▶ [Instructions for the task]:
Repeat only the lines below from the one containing "dried curry leaves by zkruger" through the one containing "OUT OF THE BOX", inclusive, exactly as written.

====== Information

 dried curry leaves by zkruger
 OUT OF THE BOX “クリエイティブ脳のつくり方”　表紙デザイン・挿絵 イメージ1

============
====== Information

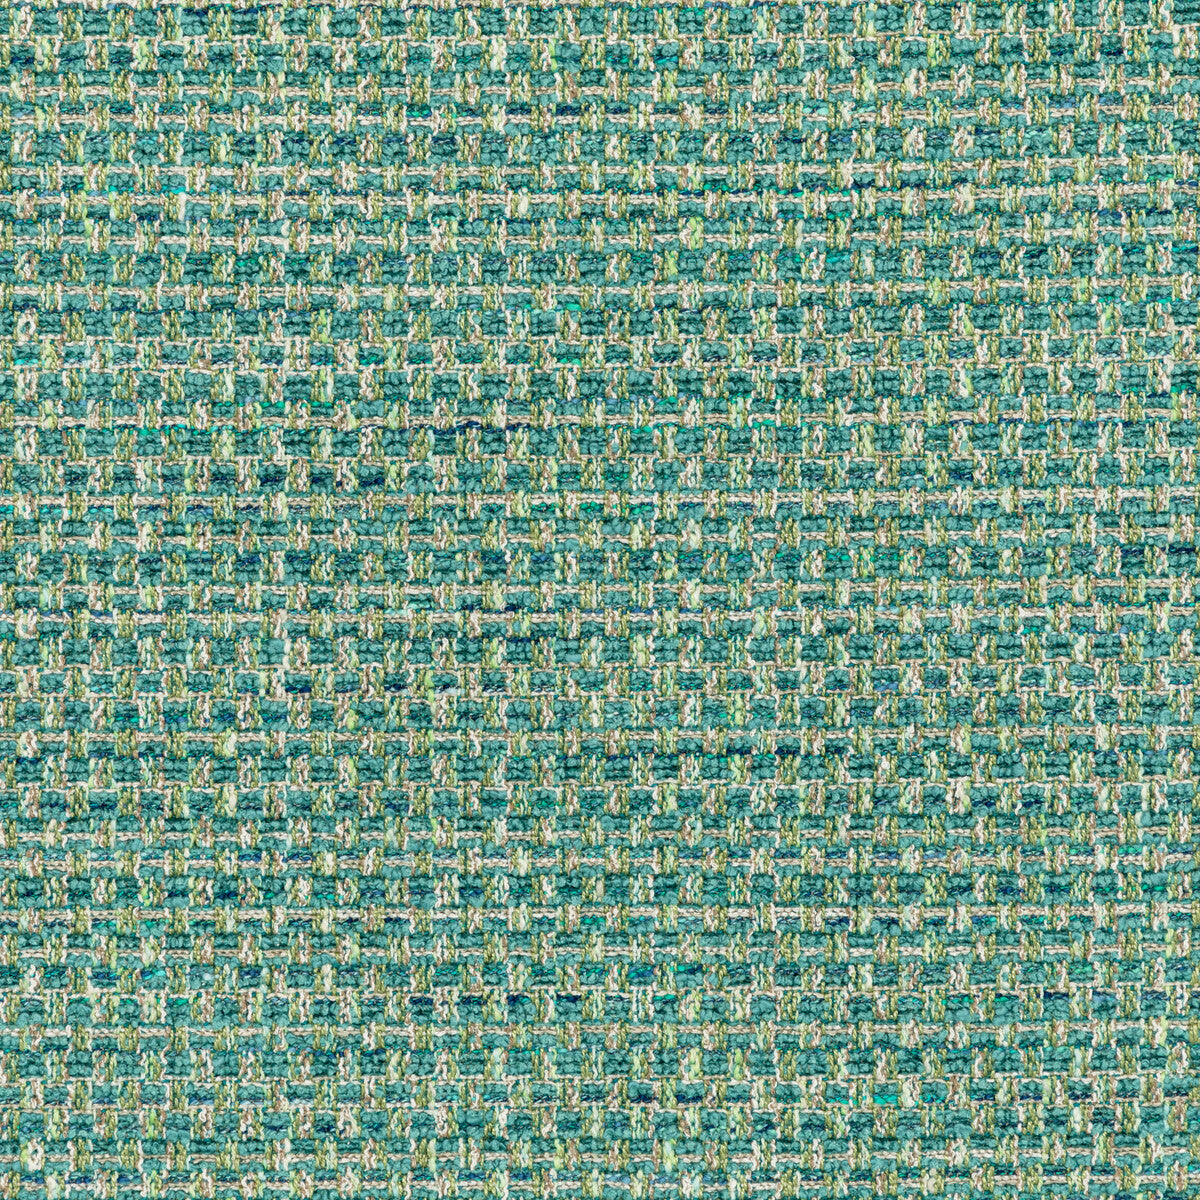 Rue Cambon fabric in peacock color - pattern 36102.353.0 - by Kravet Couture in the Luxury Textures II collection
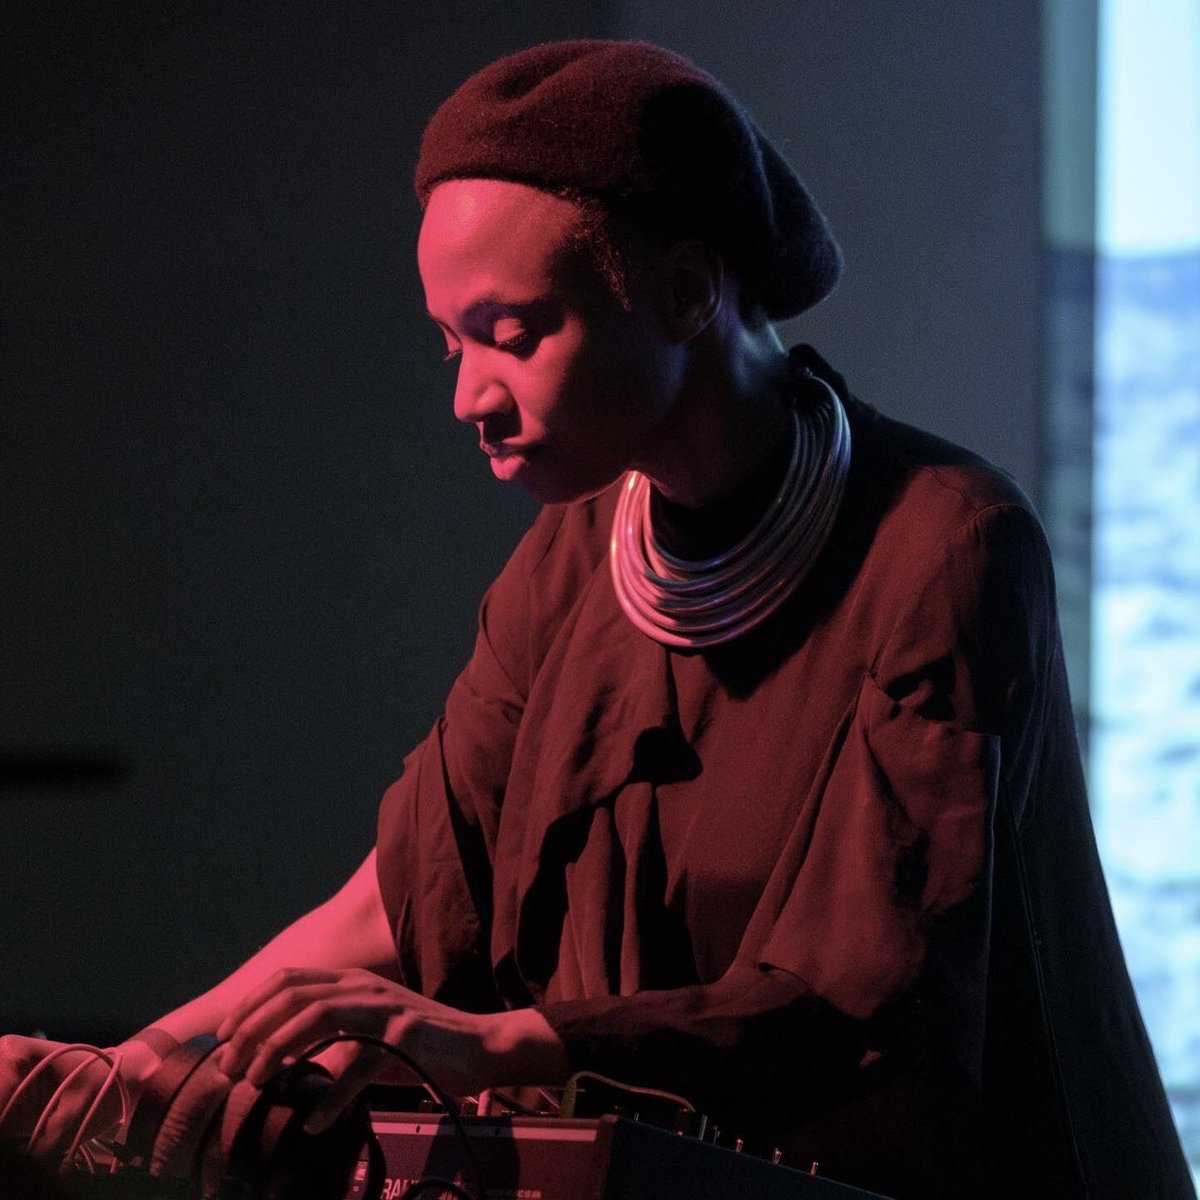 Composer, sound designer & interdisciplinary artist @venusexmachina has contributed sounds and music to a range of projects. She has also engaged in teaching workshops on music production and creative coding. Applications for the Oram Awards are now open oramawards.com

============

▶ [Task solution]:
 dried curry leaves by zkruger
 OUT OF THE BOX “クリエイティブ脳のつくり方”　表紙デザイン・挿絵 イメージ1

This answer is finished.